_WORK TASK:_ Please produce a character-exact copy of the listing that follows, omitting all images.

_SOURCE DATA:_
****

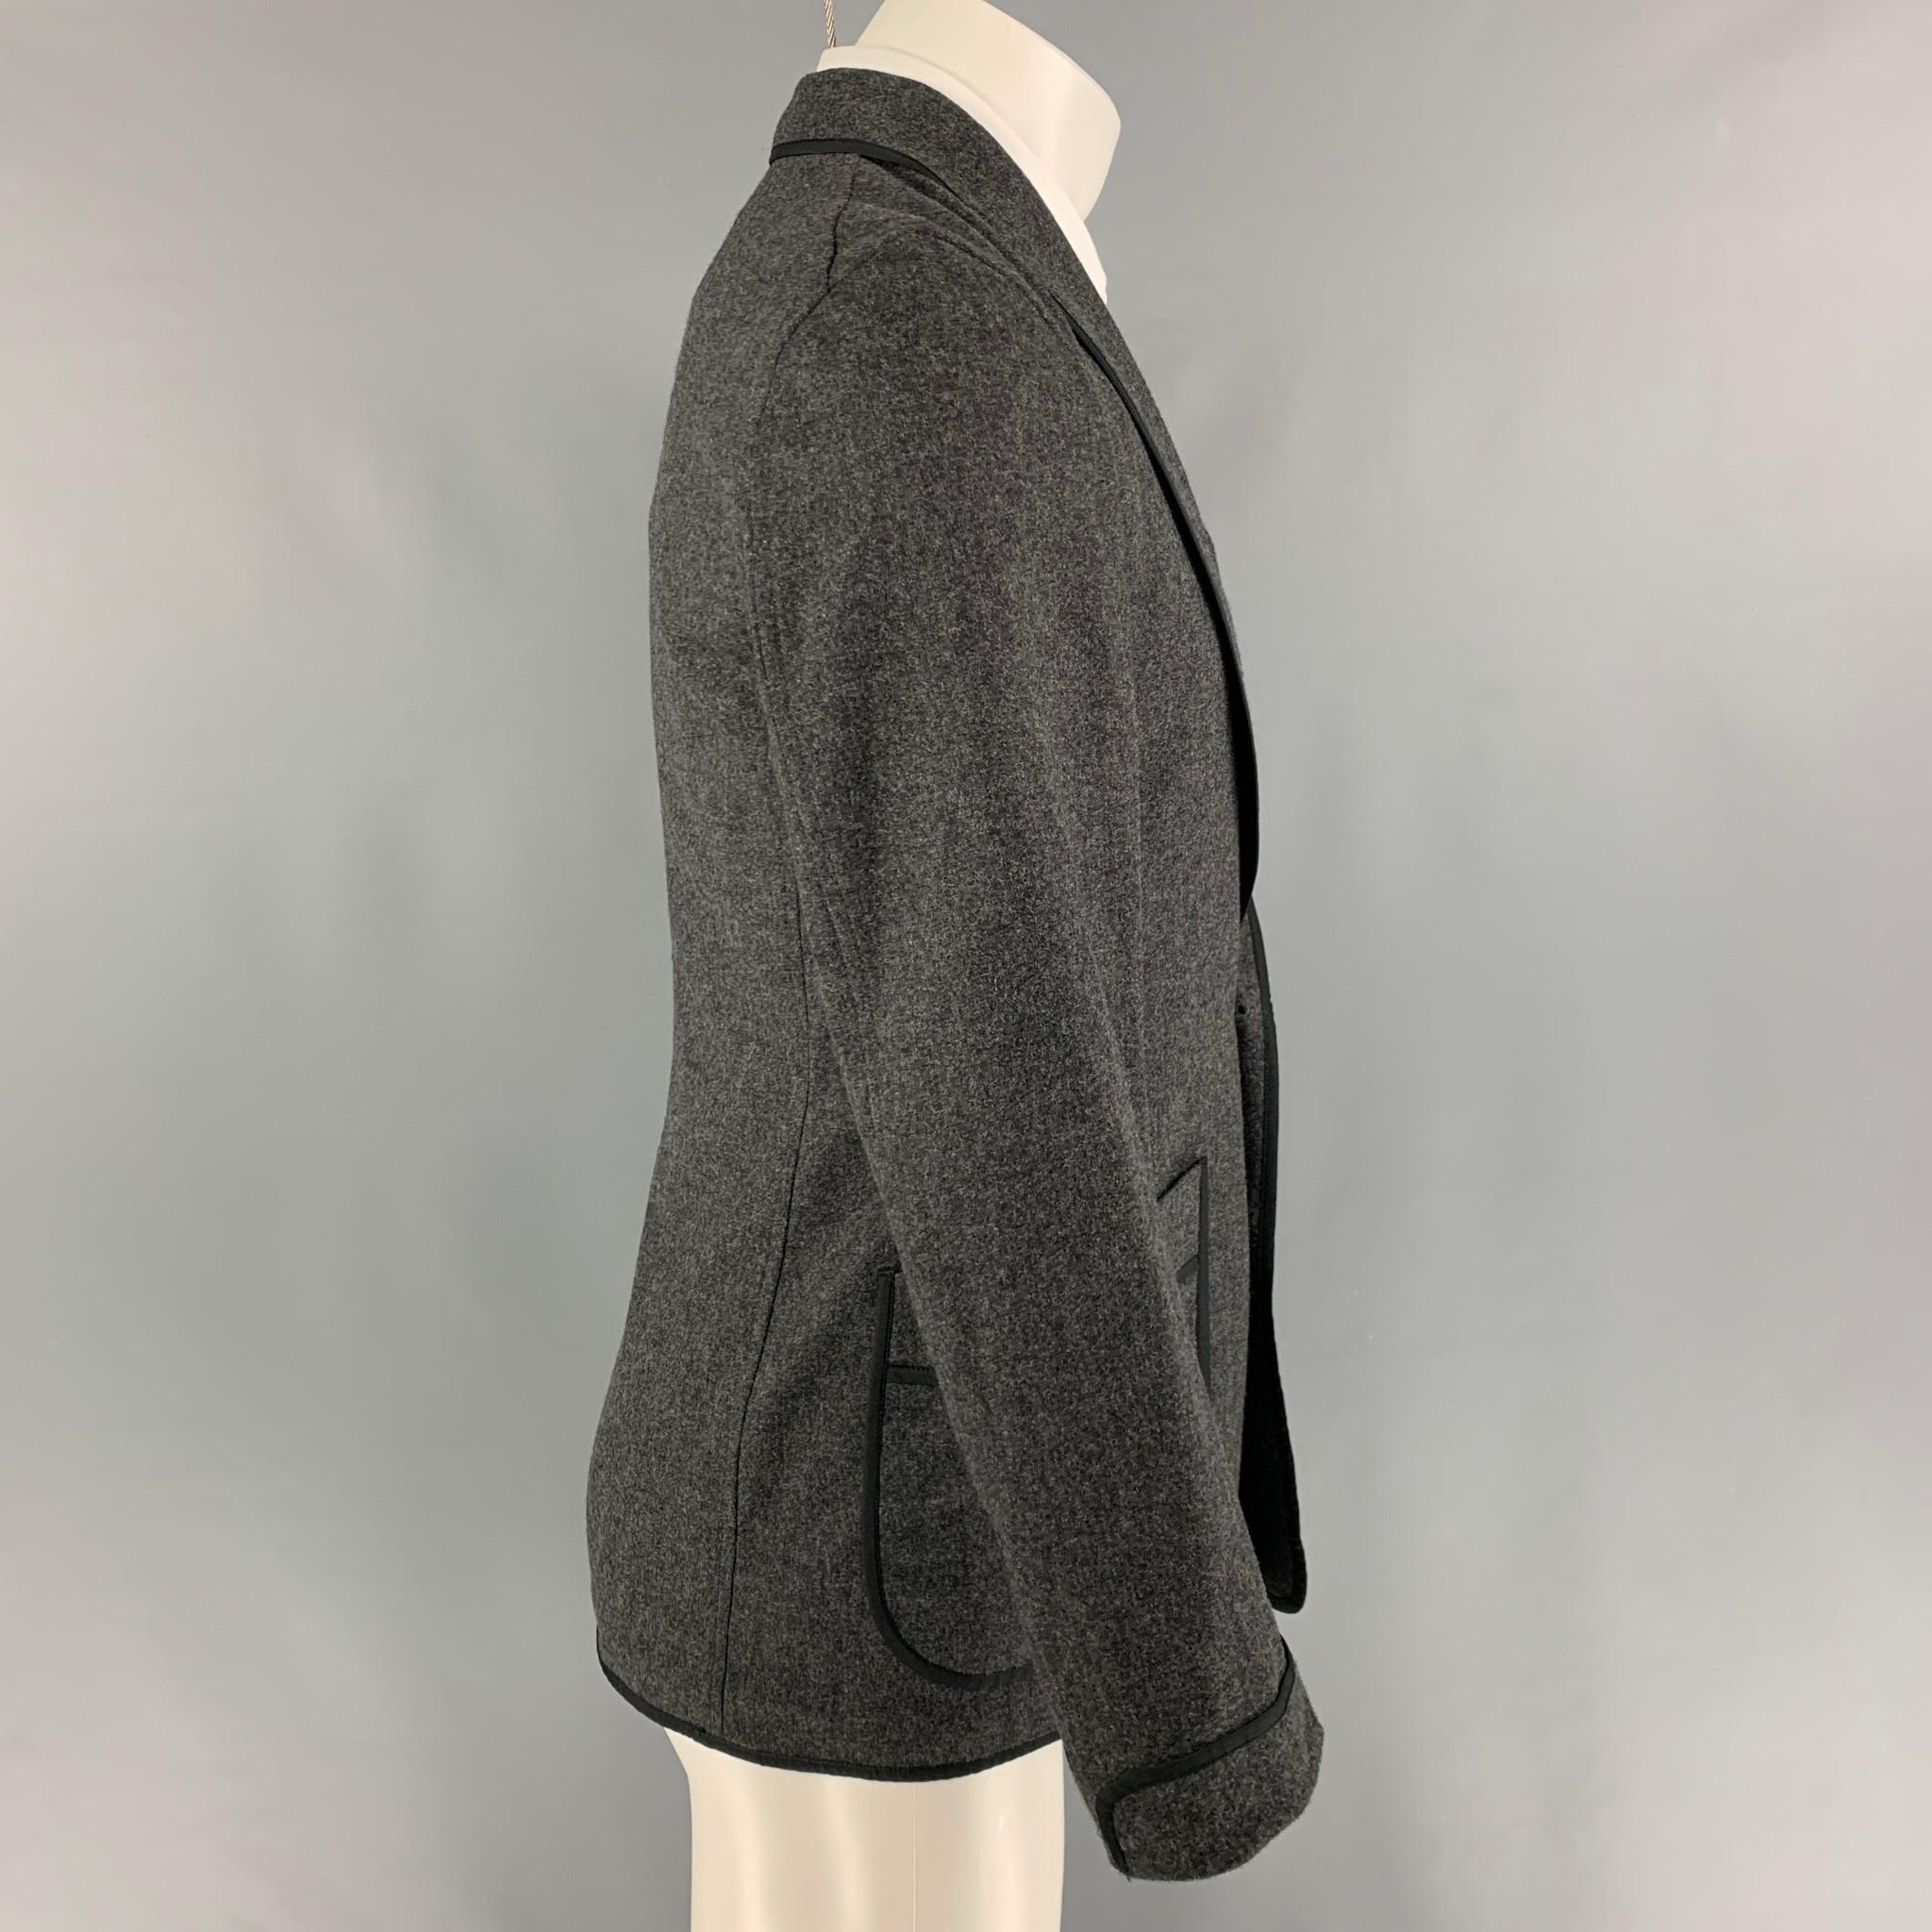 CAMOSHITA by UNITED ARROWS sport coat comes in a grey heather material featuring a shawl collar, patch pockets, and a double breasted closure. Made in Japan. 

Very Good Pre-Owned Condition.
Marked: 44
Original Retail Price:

****

_REPLY TO THE EXERCISE:_
 CAMOSHITA by UNITED ARROWS sport coat comes in a grey heather material featuring a shawl collar, patch pockets, and a double breasted closure. Made in Japan. 

Very Good Pre-Owned Condition.
Marked: 44
Original Retail Price:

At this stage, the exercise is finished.